LeetCode 211 Design Add and Search Words Data Structure

LeetCode

Design a data structure that supports adding new words and finding if a string matches any previously added string.

Implement the WordDictionary class:

WordDictionary() Initializes the object. void addWord(word) Adds word to the data structure, it can be matched later.
bool search(word) Returns true if there is any string in the data structure that matches word or false otherwise. word may contain dots '.' where dots can be matched with any letter.

Example:

Input
[“WordDictionary”,”addWord”,”addWord”,”addWord”,”search”,”search”,”search”,”search”]
[[],[“bad”],[“dad”],[“mad”],[“pad”],[“bad”],[“.ad”],[“b..”]]
Output
[null,null,null,null,false,true,true,true]

Explanation
WordDictionary wordDictionary = new WordDictionary();
wordDictionary.addWord(“bad”);
wordDictionary.addWord(“dad”);
wordDictionary.addWord(“mad”);
wordDictionary.search(“pad”); // return False
wordDictionary.search(“bad”); // return True
wordDictionary.search(“.ad”); // return True
wordDictionary.search(“b..”); // return True

Constraints: 1 <= word.length <= 500
word in addWord consists lower-case English letters. word in search consist of '.' or lower-case English letters.
* At most 50000 calls will be made to addWord and search.

题目大意：

设计一个数据结构支持加单词和查找单词。查找单词支持dot查询，表示配对任意字符

解题思路：

第一时间想到Trie，但难点在如果支持dot。一般Trie实现只支持单一单词查询，但是此题需要搜索所有可能节点。所以要将search加入TrieNode参数且转成DFS

解题步骤：

N/A

注意事项：

1. search加入TrieNode参数且转成DFS
2. 终止条件第二个用TrieNode为空而不是用is_end

Python代码：

class WordDictionary(TestCases):

    def __init__(self):
        self.head = TrieNode()

    def addWord(self, word: str) -> None:
        it = self.head
        for i in range(len(word)):
            it = it.children[word[i]]
        it.is_end = True

    def search(self, word: str) -> bool:
        return self.search_one_node(word, self.head)
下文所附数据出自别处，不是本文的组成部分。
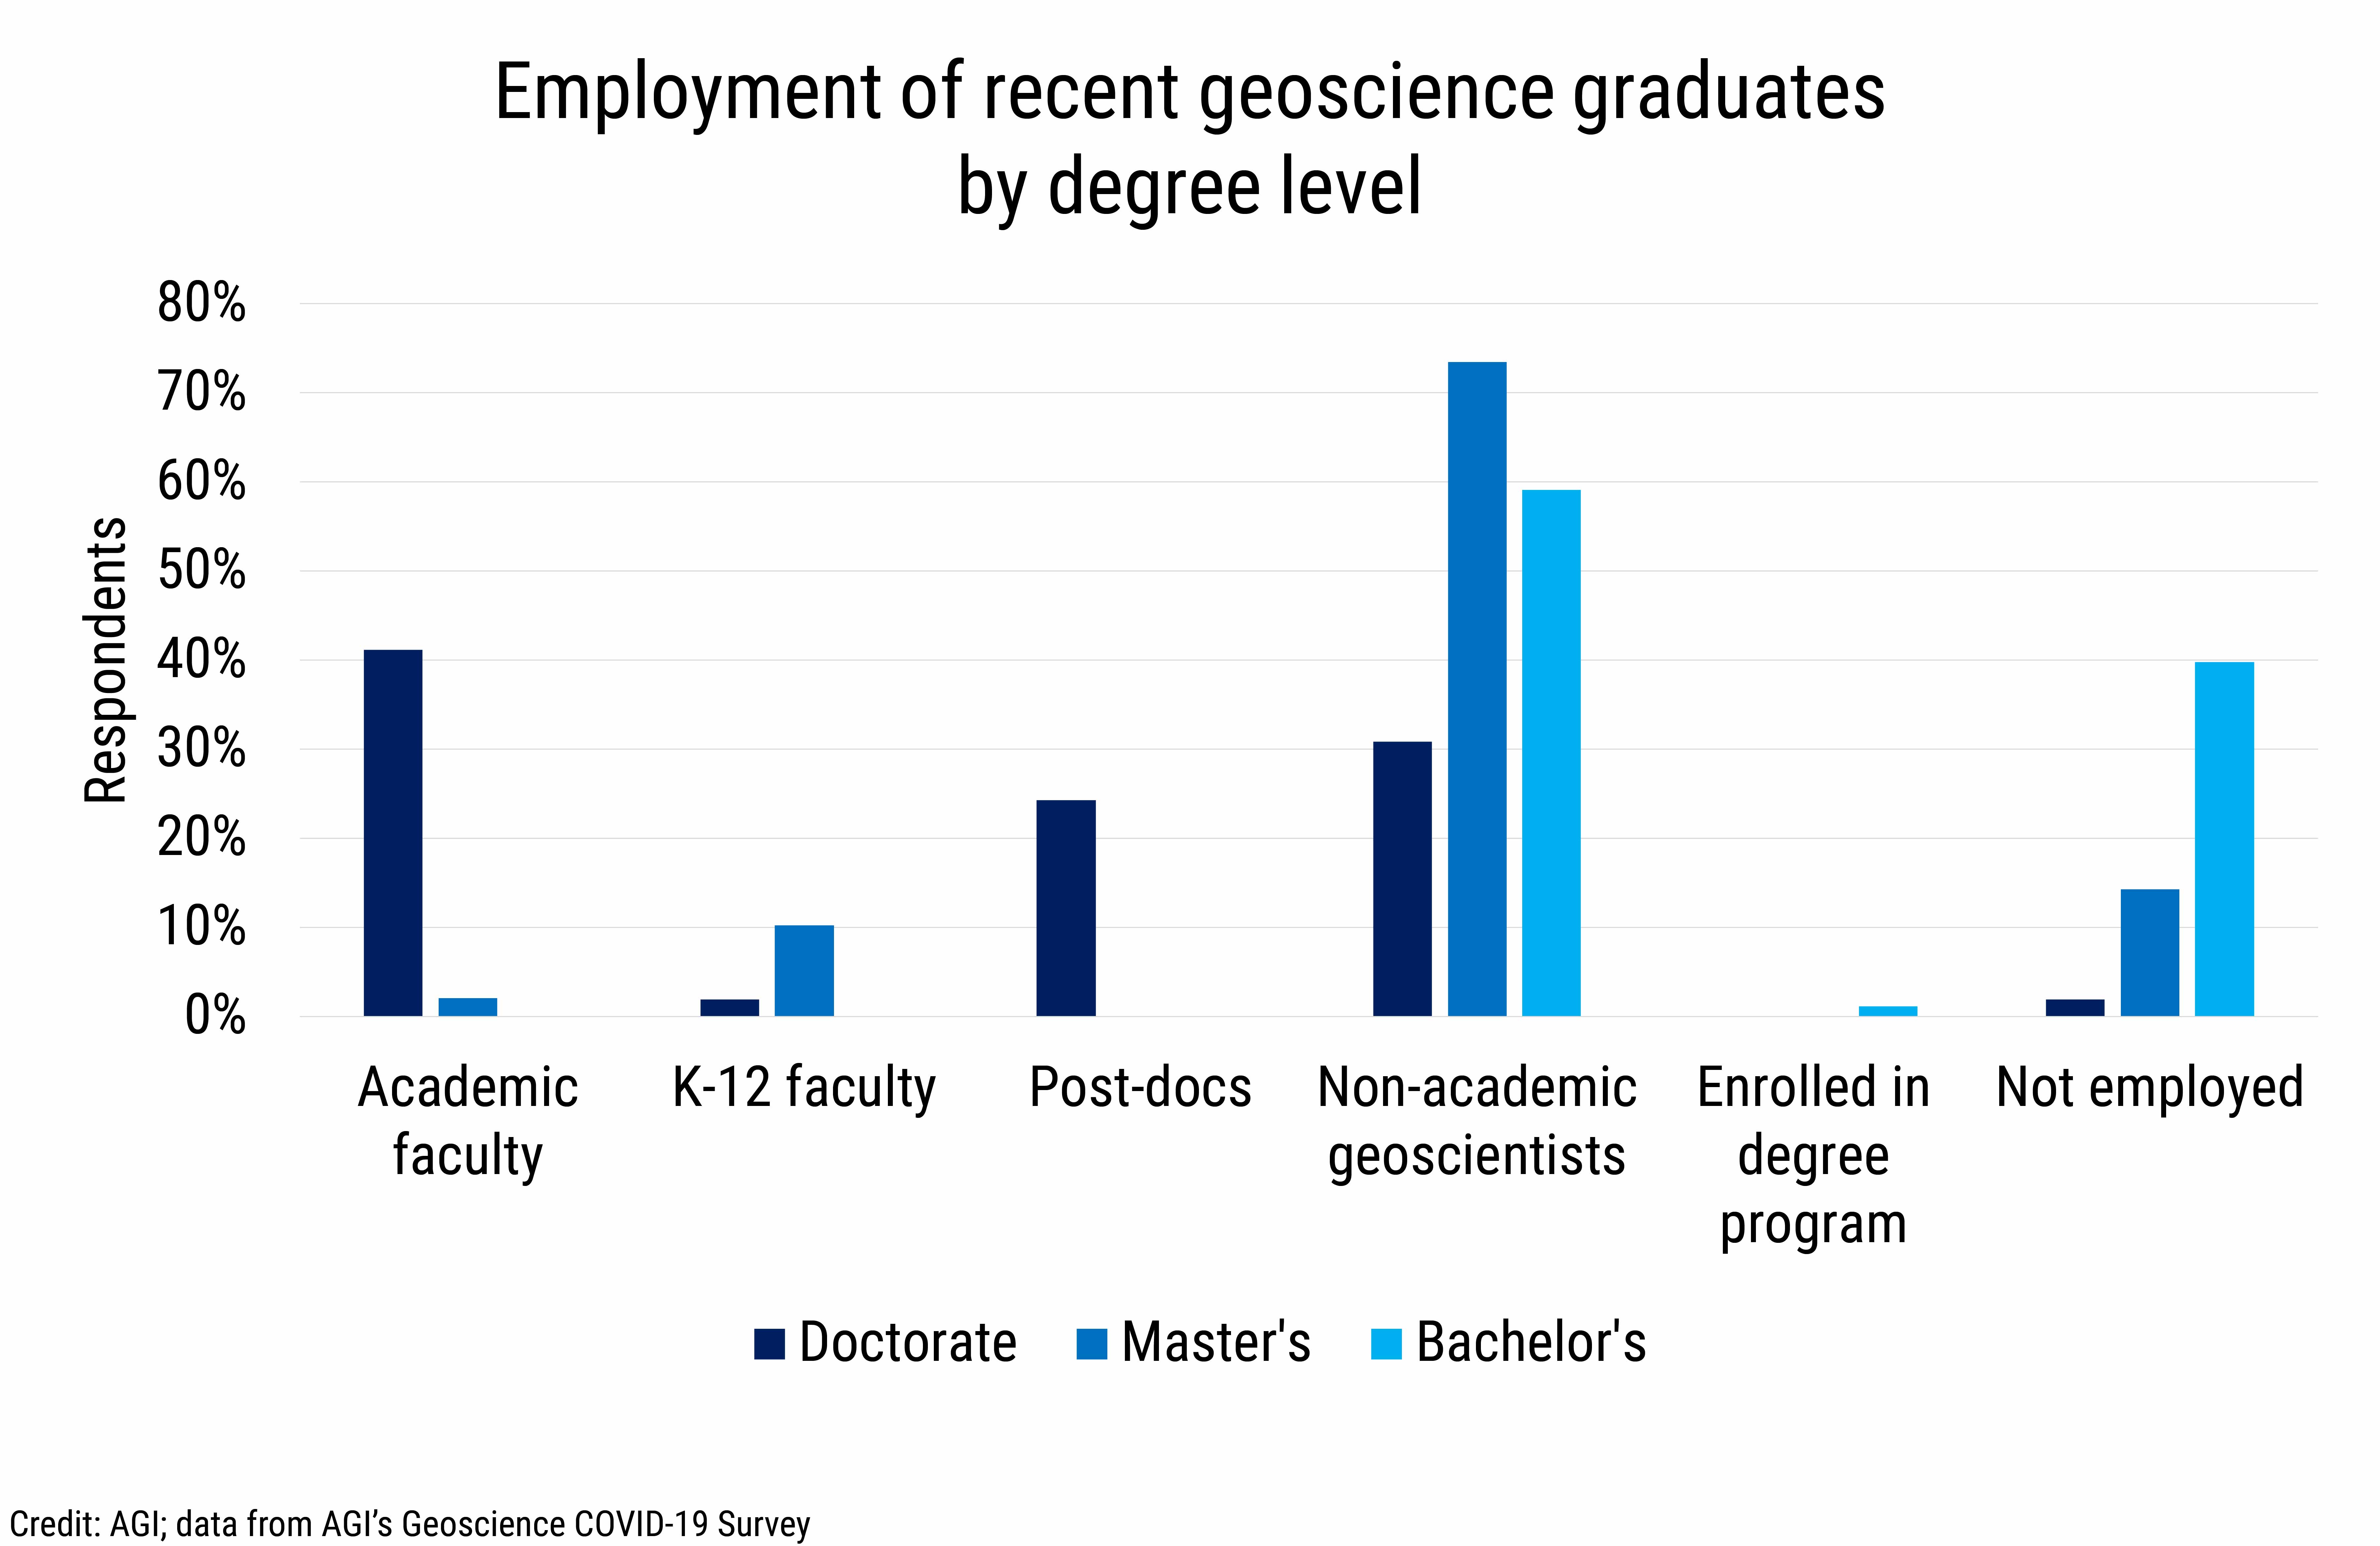 DB_2020-019 chart 02: Employment of recent geoscience graduates by degree level (credit: AGI; data from AGI’s Geoscience COVID-19 Survey)

    def search_one_node(self, word, trie_node) -> bool:
        if not word and trie_node.is_end:
            return True
        if not word or not trie_node: # remember not trie_node
            return False
        if word[0] == '.':
            for child_node in trie_node.children.values():
                if self.search_one_node(word[1:], child_node):
                    return True
            return False
        if word[0] not in trie_node.children:
            return False
        return self.search_one_node(word[1:], trie_node.children[word[0]])

class TrieNode:

    def __init__(self):
        self.children = collections.defaultdict(TrieNode)  # {}
        self.is_end = False

算法分析：

search中不含dot时间复杂度为O(n), 含dot时间复杂度为O(26n)，空间复杂度O(1), n为搜索单词长度.